Of course, more life issues came and went and I ended up passing Eric down to my young cousin as I took care of smoothing out the wrinkles in my perfect plans, he had that forgiving nature.  I wish things could have been different, but how often do we get what we wish for?

A few years went by and always I longed to ride again.  There's something about the bond with a horse and that time spent outside not thinking about work and life and the little things.  I found a local trainer and started taking lessons.  Off and on I took lessons for about two years.  I had this dream about getting myself a Spanish Horse, an Andalusian or Lusitano or some cross.  My budget was less than a quarter of what that type of horse would cost me.   It came down to, getting a horse or just keep on dreaming.

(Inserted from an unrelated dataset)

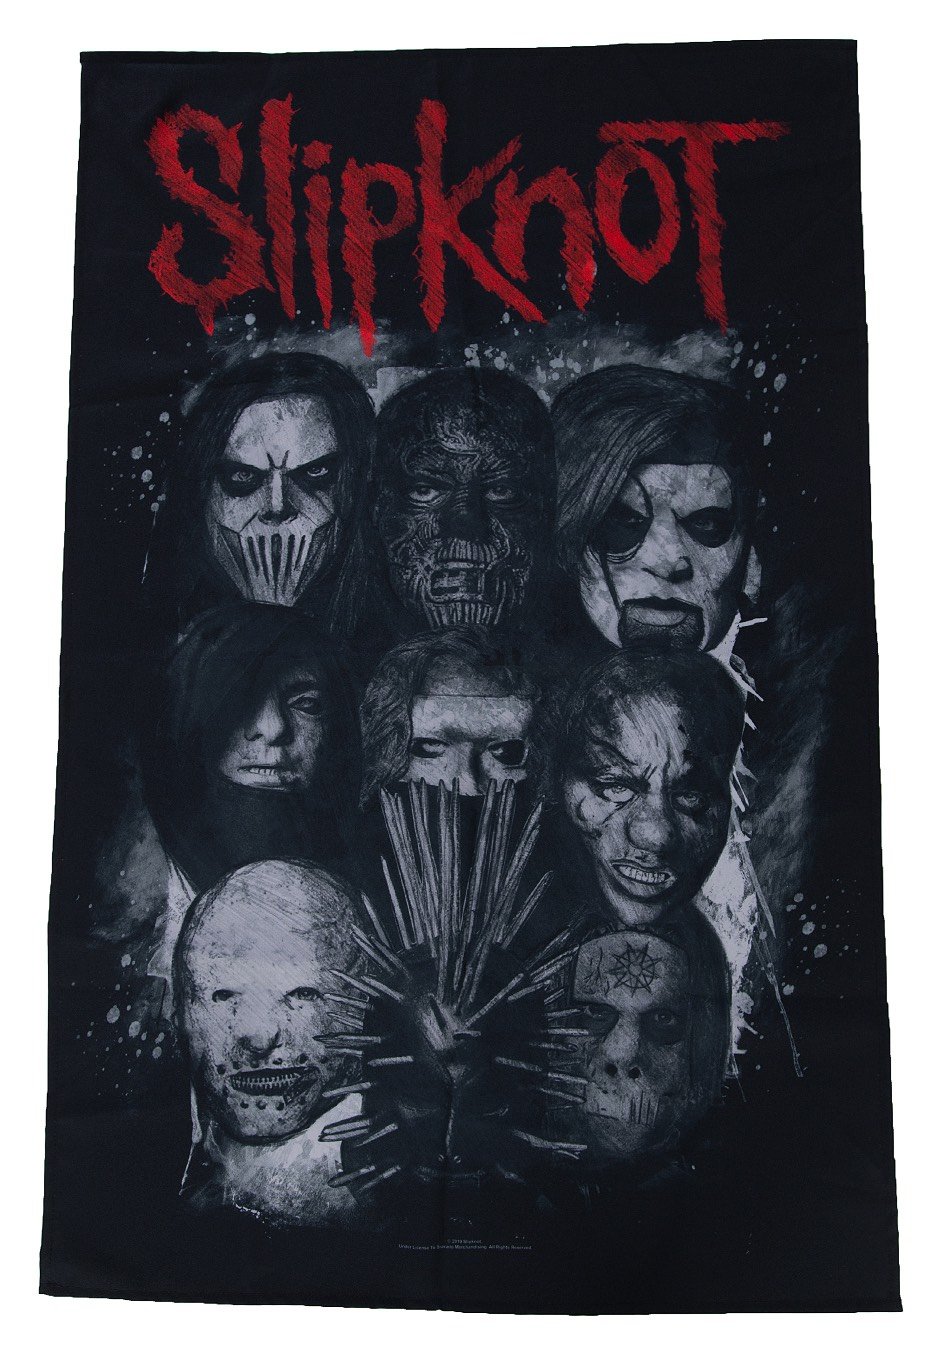 Slipknot - Masks - Flag

With my trainer's help, I found a nice 8 year old quarter-horse cross who's about 15.0 hands.  I named him Rory. 

He and I haven't quite clicked yet.

I wonder if I made the right choice.  I've only had Rory for 5 months now, but I feel every bit the complete, green amateur.  I am the stereotype of the middle-aged woman getting a horse.  What the hell am I doing?

Monday, April 2, 2012

Lets Try This Blogie Thing

I've been thinking about doing a blog for awhile now.  Every time I sit down to type it up, I get tripped up with the question: "Just who is going to read this?"  I guess I keep holding my breath as I try to figure out just who I'm writing for.  But really, this isn't about writing to impress people.  I mean, sure, I'd love it if suddenly my writing becomes mainstream and to get 'discovered', but the reality is that I want to write. 

Just write. 

So, selfishly I'm going to write for myself.  This should make things easier. Hopefully.  I won't have to wear my heart on my sleeve if what I say doesn't make everyone happy, or if I don't put out the right quality of writing 'someone' was expecting.

Also, it feels pretty cool to say: "I'm going to go work on my Blog."